▶ _Activity_
Retype the lines of the listing below exactly, but only those from the one containing "SVG of illustration" through the last line; pictures stay out.

▶ _Dataset excerpt_
- Opening Delimiter -

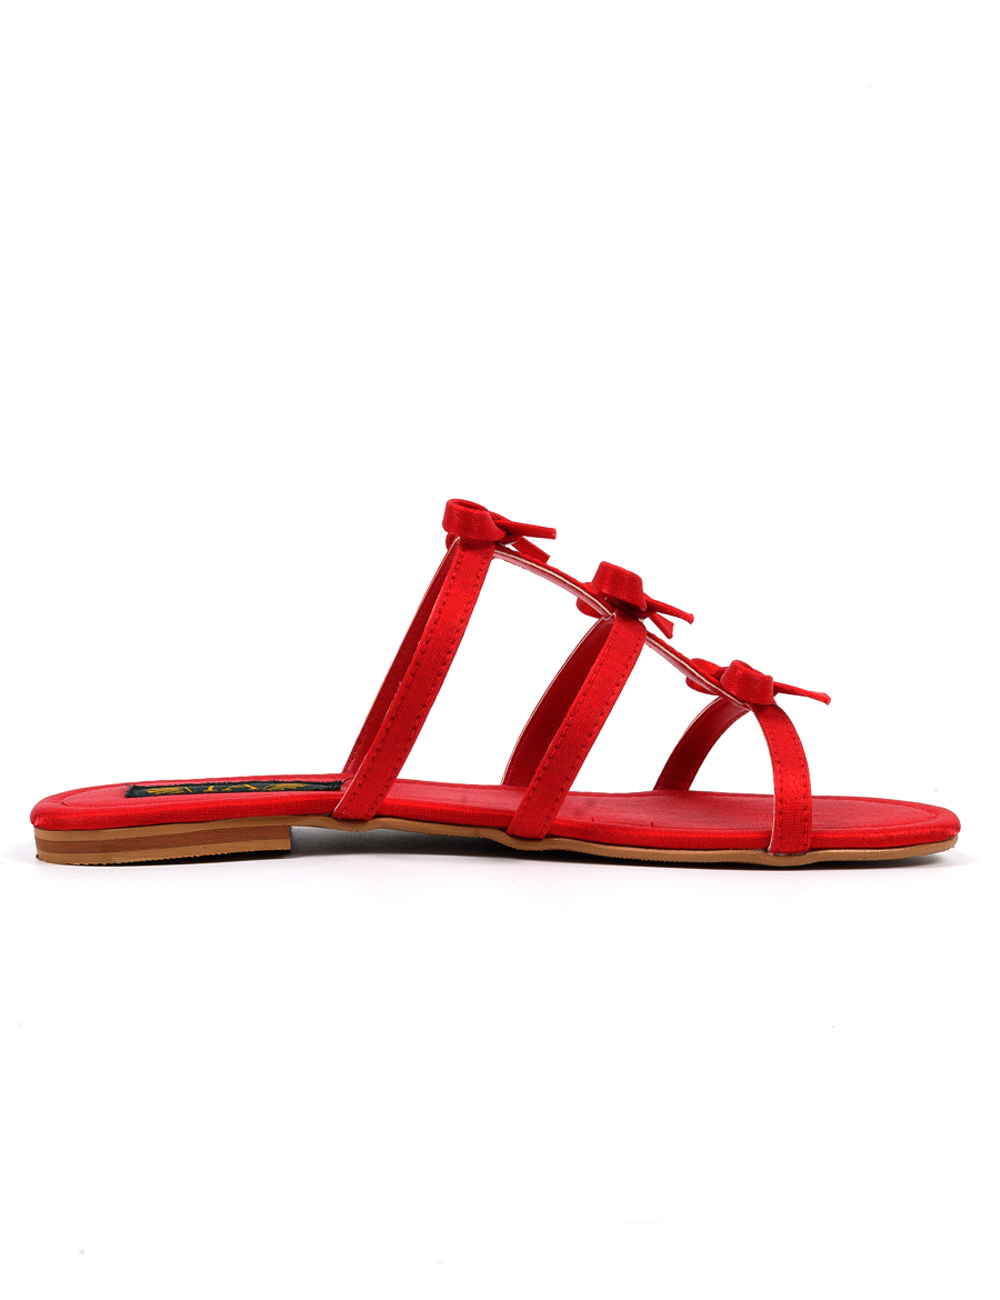 Red Semi Casual Slippers
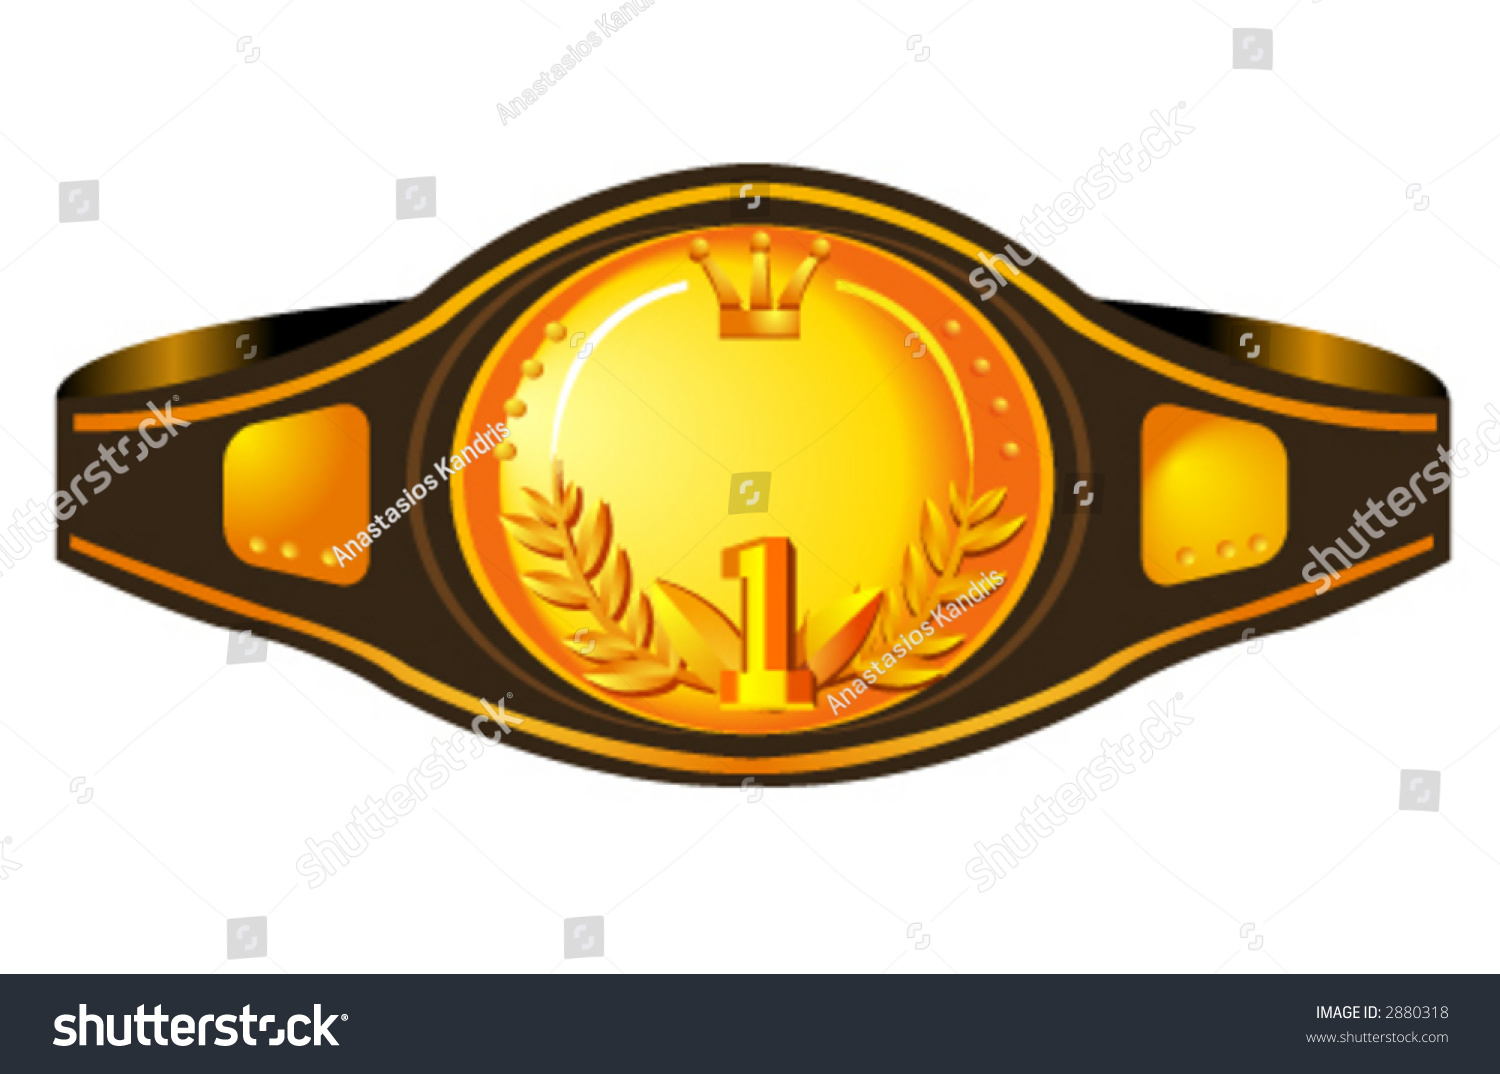 SVG of illustration of a box champion's belt. Useful for a lot of projects svg
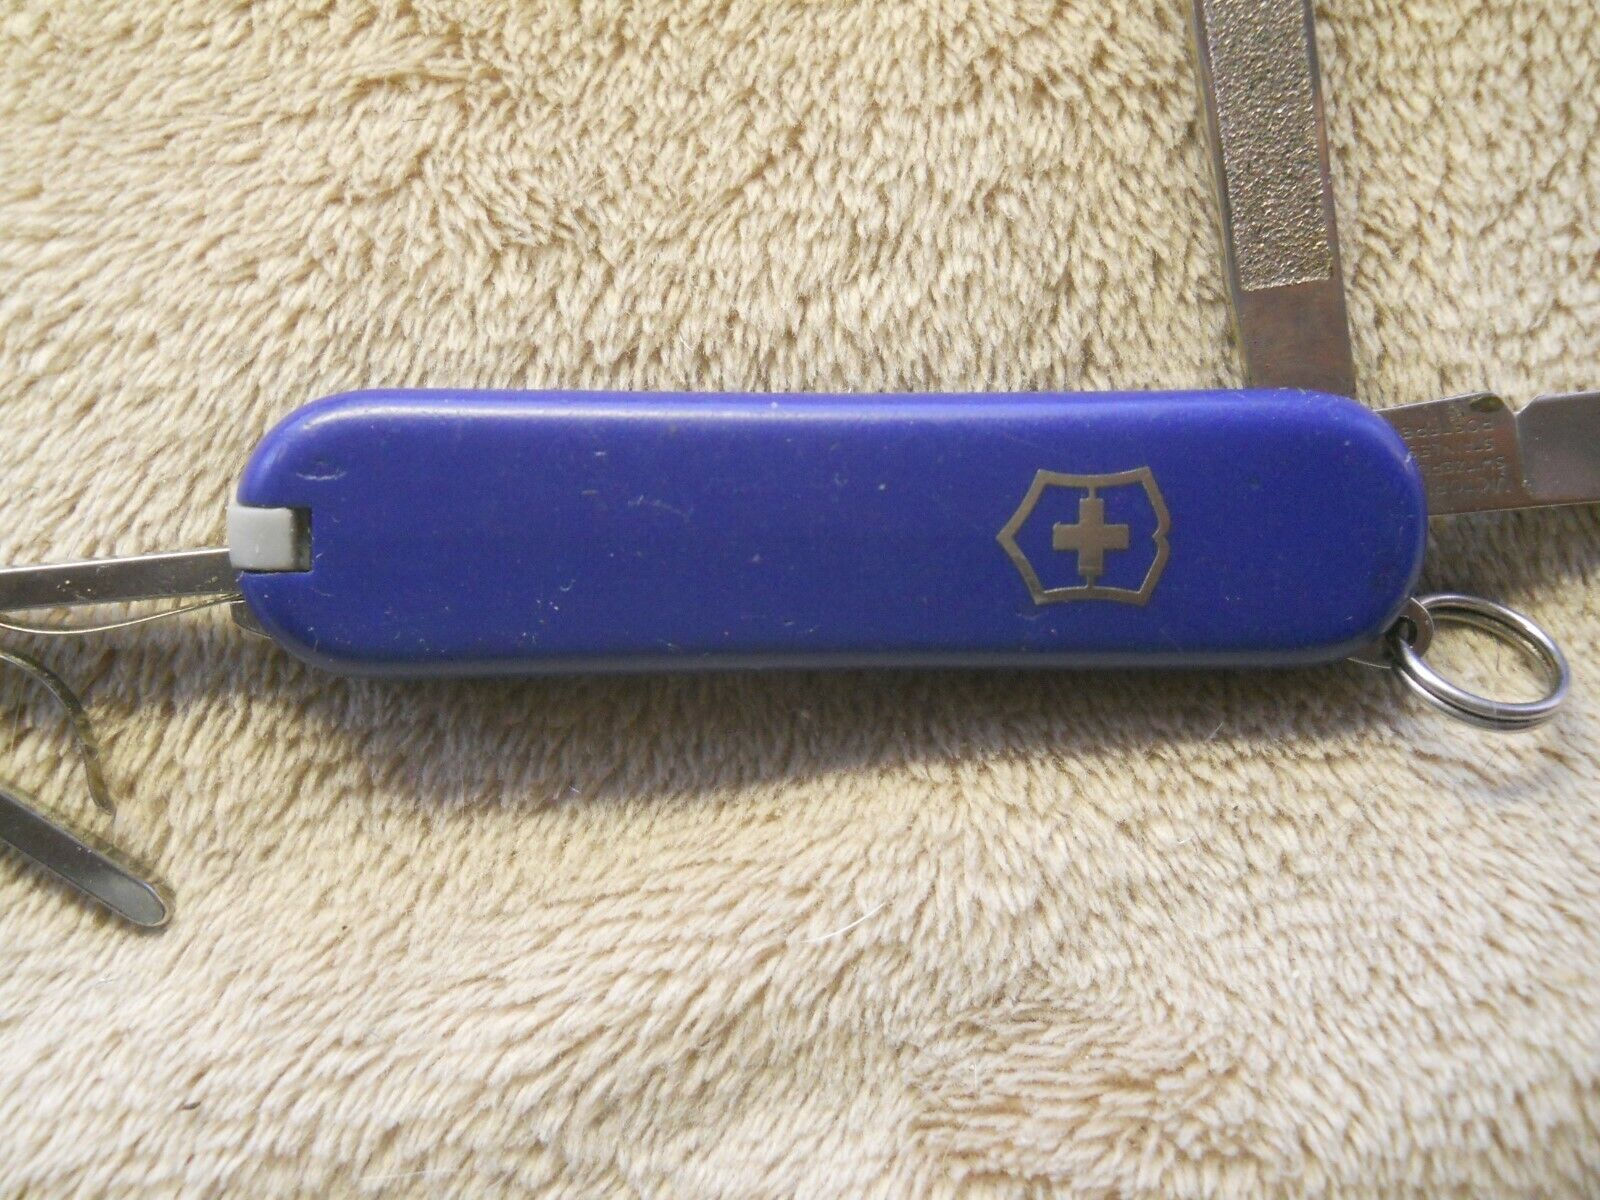 Primary image for Victorinox Classic SD Swiss Army knife in blue

- Closing Delimiter -

▶ _Reply_
 SVG of illustration of a box champion's belt. Useful for a lot of projects svg
 Primary image for Victorinox Classic SD Swiss Army knife in blue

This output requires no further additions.